How to to monitor Spark resource utilization

sparkctl integrates with rmon to monitor CPU, memory, disk, and network utilization of Spark.

This page shows how to enable it.

$ sparkctl configure --resource-monitor

By default, this enables monitoring of all resource types at a 5-second interval. Edit the resulting config.json to customize resource types or interval.

Start the Spark cluster as normal.

$ sparkctl start

sparkctl will enable resource monitoring with rmon in the background on all compute nodes. Whenever you stop the cluster after running your jobs:

$ sparkctl stop

sparkctl will stop rmon on all compute nodes, collect a summary of utilization stats, and produce interactive HTML plots.

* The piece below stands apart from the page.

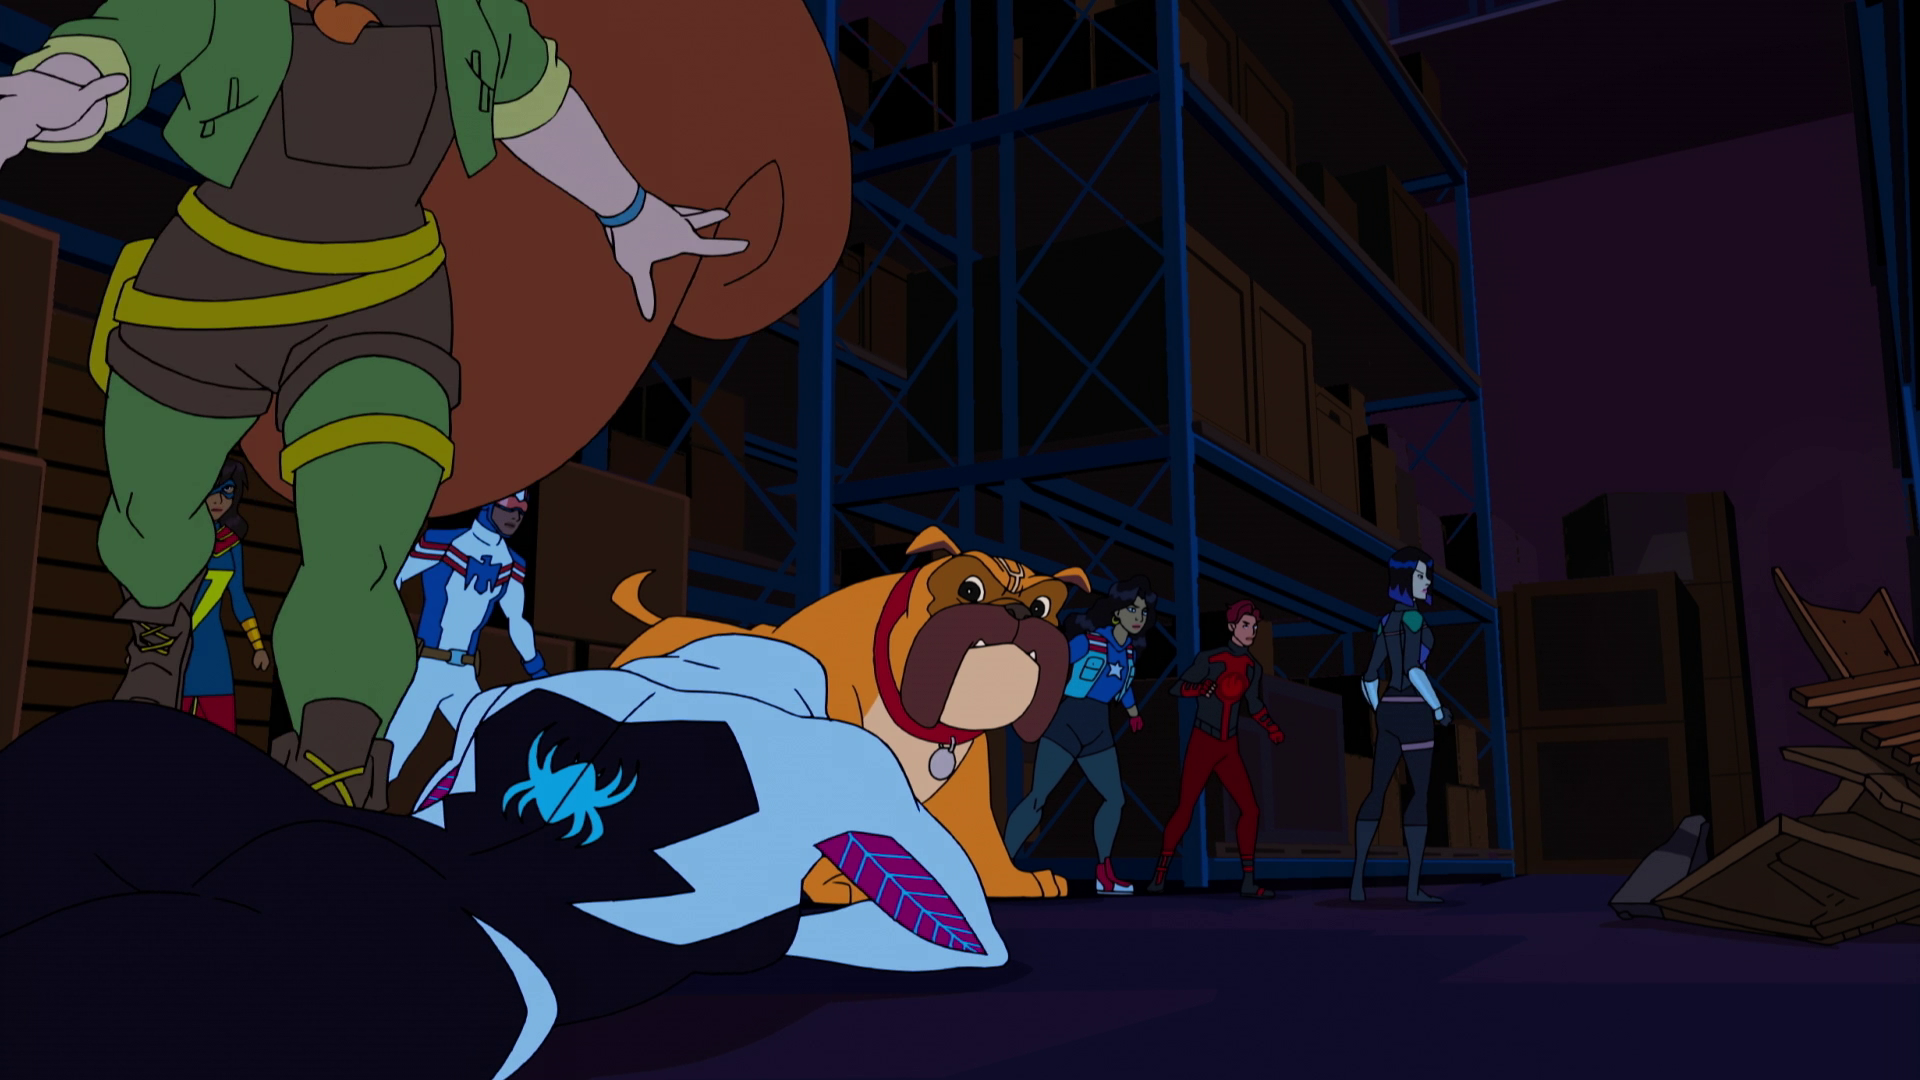 Marvel Rising Chasing Ghosts [1080p] WEB-DL

Those will be in ./stats-output/html by default.

Warning

If you don’t run sparkctl stop, rmon will keep running on all compute nodes indefinitely.

Managed execution

sparkctl offers a managed execution mode to help prevent cases where you forget to shut down Spark workers and rmon.

Add the --wait option to the start command as follows:

$ sparkctl start --wait

sparkctl will print Press Ctrl-C to shut down all Spark processes. to the console and then go to sleep without returning control to the shell.

Connect to the head node of the allocation and run your Spark jobs. When you’re done, press Ctrl-c in the original terminal to shut everything down.